Plusieurs ONG présentent l’élevage européen comme principal responsable de la déforestation en Amérique du Sud à travers les importations de soja pour l’alimentation animale. Pour autant, ce ne sont pas des choix agronomiques ou de techniques d’élevage qui ont conduit les éleveurs européens à se désintéresser de leurs prairies. Ce ne sont pas les éleveurs mais bien les décideurs politiques qui ont imposé à l’Europe d’importer environ 33 millions de tonnes de soja sous toutes ses formes chaque année.
Les accords de libre-échange en première ligne !
Suite à des désaccords commerciaux entre les États-Unis et l’Union européenne, des négociations ont été entreprises au début des années 90, conduisant à la signature d’un accord dit « volet oléagineux de Blair House » en 1993. En le signant, les responsables politiques européens ont confirmé la dépendance protéique de notre agriculture acceptée par la Communauté européenne naissante dans les années 60. Pour préserver les protections existantes à l’époque sur le marché des céréales, l’Europe a accepté de limiter sa production d’oléoprotéagineux aidés à seulement 5,1 millions d’hectares. La porte était ainsi grande ouverte aux importations de soja. Ce n’est donc pas une demande des éleveurs, mais bien un choix politique pour assurer un débouché au soja américain. Cela a également permis de développer par défaut la culture de blé rendant ainsi l’Europe exportatrice de céréales.
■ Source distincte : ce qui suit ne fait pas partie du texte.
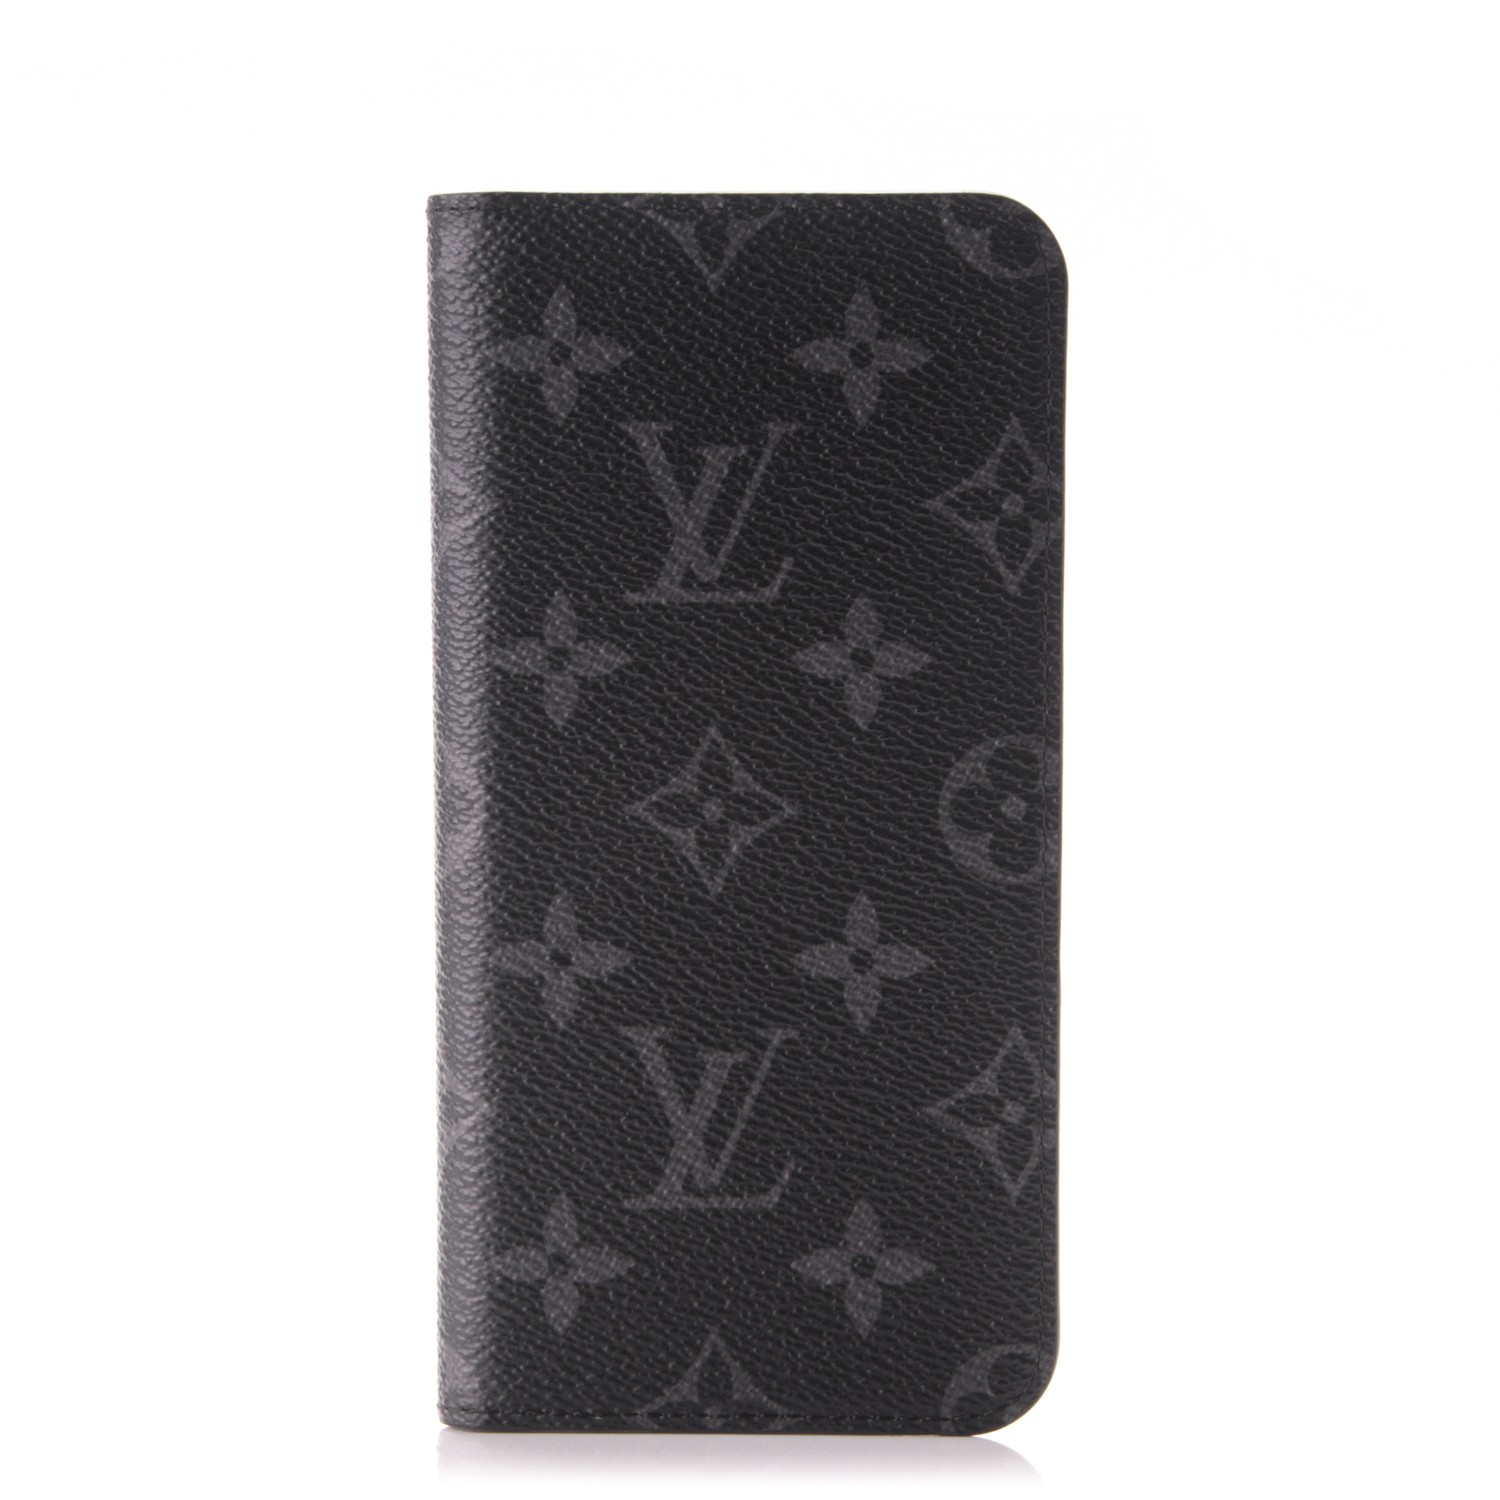 Louis Vuitton Monogram with Blue leather interior Iphone 7 Plus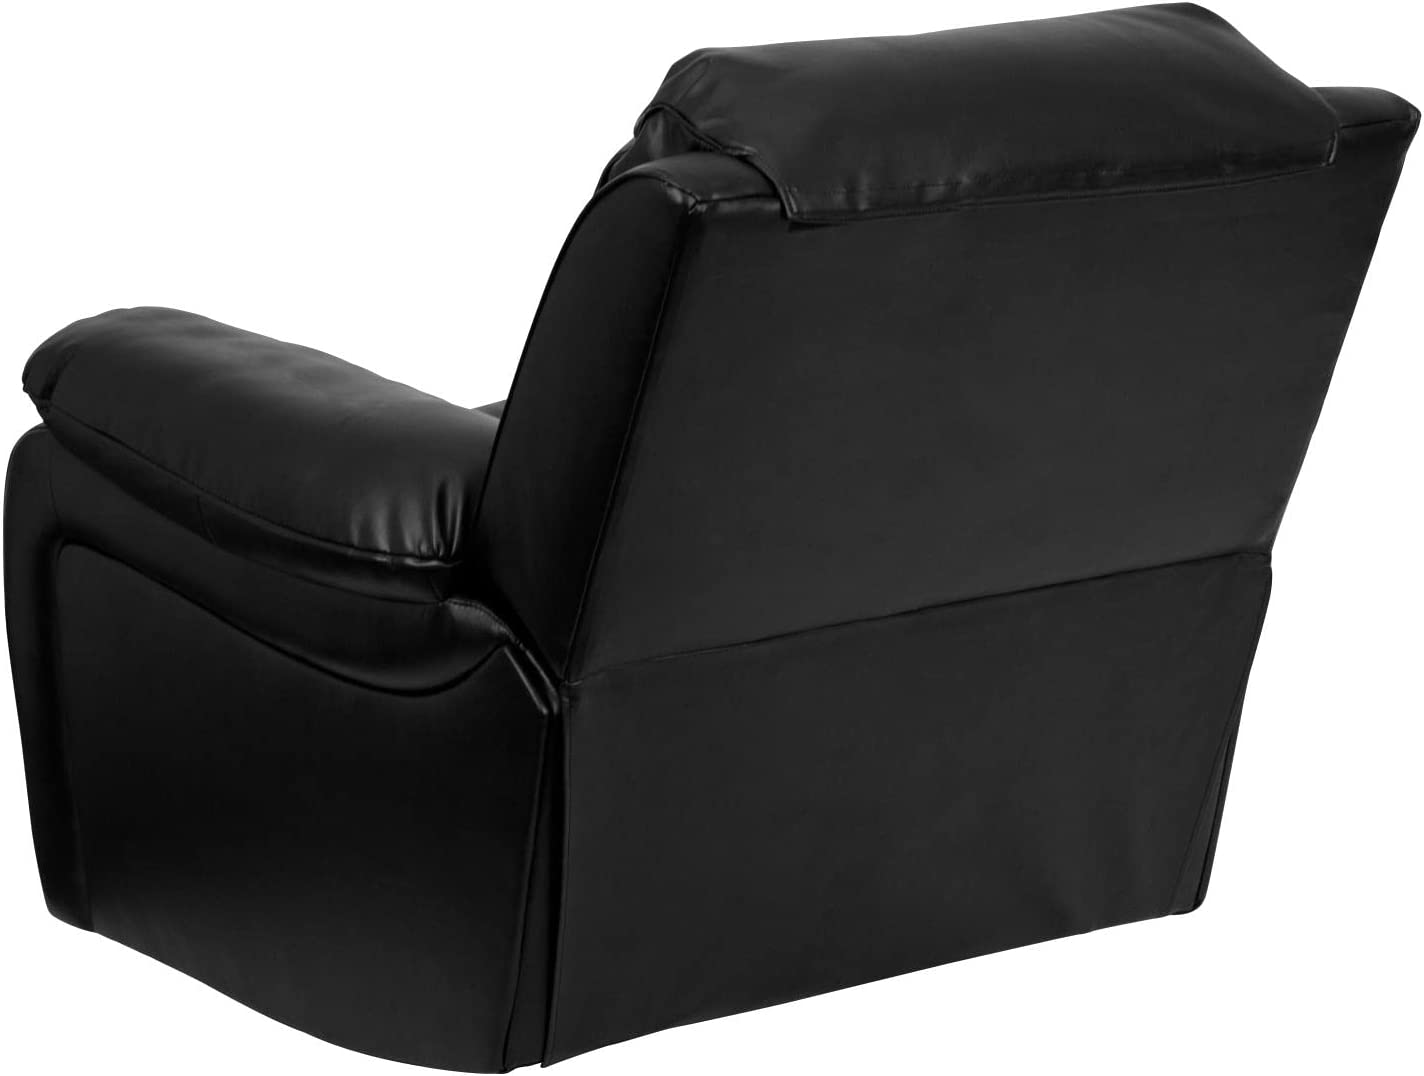 Flash Furniture Brown LeatherSoft Rocker Recliner

Par la suite, la PAC a renforcé le poids de ces dernières dans les assolements, et les tentatives de rééquilibrage n’ont été que minimes, contrairement aux demandes de la CR. Les importations massives de soja ont également mis à mal les productions de légumineuses fourragères qui n’étaient plus compétitives : en France en 1959, 3 millions d’hectares de luzerne étaient cultivés, contre seulement 300 000ha de nos jours.
Du soja au soja OGM
Bien qu’interdit sur notre territoire, l’Europe n’a pas interdit les importations de soja OGM. Les pays fournisseurs bénéficiant de gains de compétitivité importants par son utilisation y ont recours massivement. Même s’il existe des démarches dans certains pays outre-atlantique de développement des filières sans OGM, cette production reste minoritaire et incapable de répondre à la demande. C’est ainsi que même certains cahiers des charges comme le label rouge autorisent l’utilisation d’OGM. Il n’existe que peu d’alternatives au soja OGM actuellement, et vouloir développer les productions sous signe de qualité ou sous appellation, comme cela a été vanté lors des EGA (beef carbon, Ferme Laitière bas carbone) en prônant une alimentation locale est utopique. Utopique sauf si ces produits sont correctement rémunérés et qu’un véritable plan d’autonomie protéique est mis en place, passant inéluctablement par une taxation des sojas importés des pays tiers.
25 ans de combat pour les protéines végétales
La CR a, dès sa création, compris que l’autonomie en protéines végétales était l’une des clés de la sauvegarde de notre modèle agricole, car comment maîtriser nos productions animales si nous ne maîtrisons pas nos approvisionnements d’aliments et comment pratiquer des assolements diversifiés sans cultures protéagineuses ? Aux yeux de la CR, il est vain pour les agriculteurs de produire en excès des céréales pour les brader sur le marché mondial, alors que dans le même temps la demande intérieure en protéines n’est pas satisfaite. Il suffirait de 4 Mha de plantes protéagineuses, soja, pois et luzerne dans l’UE pour ne plus avoir d’excédents de blé à exporter en dégagement vers les pays tiers. C’est pour cela, que la CR et FGC ont élaboré un plan protéines visant à augmenter la part des oléoprotéagineux à 25% des surfaces en grandes cultures et à développer les légumineuses fourragères, pour rééquilibrer nos assolements. (consulter le dossier). Il y a un intérêt tant économique qu’agronomique, mais surtout nous reprendrions en main notre souveraineté alimentaire sur un plan quantitatif et qualitatif.